Why “proper, total process isolation” is necessary? Because it is the only way to capture the inherently concurrent nature of the real world, but it must be properly isolated and encapsulated to prevent unintended side-effects.
The languages based on discrete mathematics, researched by math majors (and sometimes physicists) have just a few carefully selected “means” to properly capture the complexity of the real world into a layered, partitioned systems, which mimics the underlying structure of complexity, using just a few “universal forms” (sequences, trees, DAGs, hash tables) and a few “universal operations” (composition, recursion, higher-order functions, pattern-matching).
At a higher level, where the patterns emerge, the principles outlined by Michael Jacson and Barbara Liskov – abstraction by parameterization, abstraction barriers, abstract data types, separation of concerns, modularity, hierarchical layering, proper signaling and communication – are the “means” to structure the solution.

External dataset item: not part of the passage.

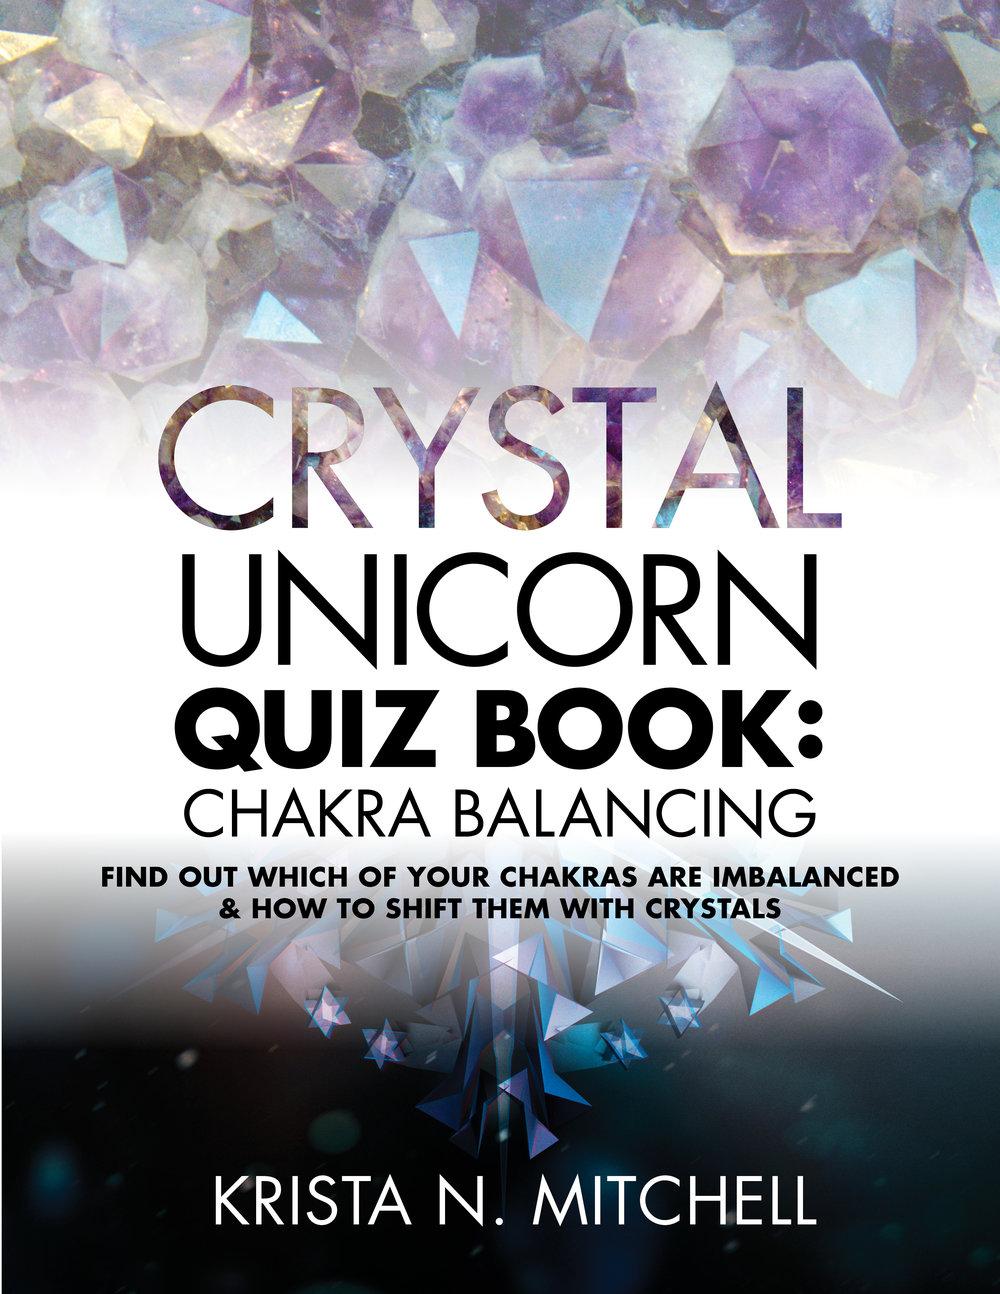 Crystal Unicorn Quiz Book / krista-mitchell.com

Parameterization is universal –it is not just functions, but also Algebraic Data Types (ADTs, generic types) and whole modules (functors).
Abstraction barriers and abstract data types are universal – they are the only way to properly capture the inherently stateful nature of the real world, but they must be implemented (and passed around as) immutable, and thus state-less structured data bindings, to prevent unintended side-effects.

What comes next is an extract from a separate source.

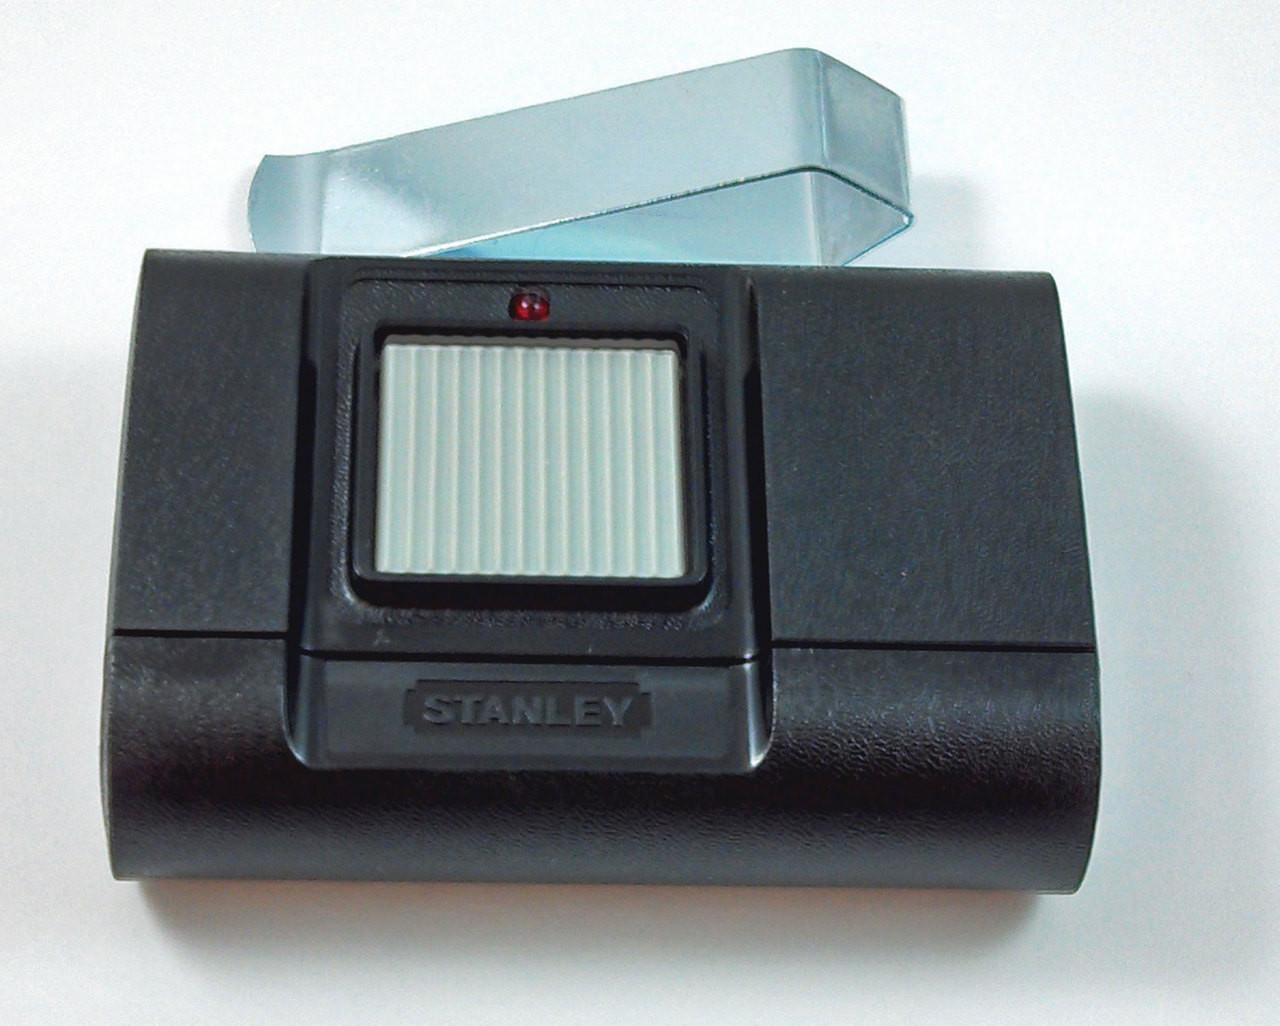 Stanley 1082 Compat Garage Door Remote Stanley 1050 1047 1044 1037 Transmitter

Separation of concerns, modularity and hierarchical layering are universal, and re-emerge at all levels of complexity.
At the highest and the most abstract level, Algebraic Data Types, and Composable High-level, State-less Abstract Interfaces (Iterators and other declarative abstractions) are the “high-level building blocks”. This is the essence of the proper “philosophy” of programming, and everything else is just a socially constructed bullshit.
Now a few examples: WhatApp as an Erlang server-side application, built by just a 10 or so smart guys. Clojure, which was bold-enough to actually rely on immutable data structures (and crappy imperative loops). And, especially, Haskell, which is still an executable system of a high-order pure logic (System F Omega), augmented with advanced types and properly captured abstractions built on top of the universal forms and operations.
Everything can be traced back to “What Is” and “Why things are the way they are”, and nothing here is an abstract handwaving and sophistry.
And, of course, the whole “AI” bullshit (at the level of mere and only syntactic forms, without any underlying understanding whatsoever) is just a desperate attempt to avoid the hard work of properly capturing the complexity of the real world into a layered, partitioned systems, which mimics the underlying structure of complexity, using just a few “universal forms” (sequences, trees, DAGs, hash tables) and a few “universal operations” (composition, recursion, higher-order functions, pattern-matching).
And yes, the “cognitive load” builds up as the direct consequence of, and along with the unnecessary, redundant absrations, mismatching in the one-to-one correspondence betwen the layers and individual concepts of the problem domain and their representation at the same highest possible level of abstraction in the code, and using any form of an stateful imperative crap. This, except the fact that imperative crap cannot cognitively scaled in principle (it will inevitably collapse under its weight, just like any large-enough abstract bullshitting), has been well-understood all the way back in the Golden Age of Programming 1970s , 1980s and the early 1990s).
Yes, it is possible to build a very large stable system, such as Google Chrome in C++ (a whole bullshit ideology being actually implemented in an vastly complex, inherently buggy imperative code), but it requires billions of paid man-hours through decades of effort.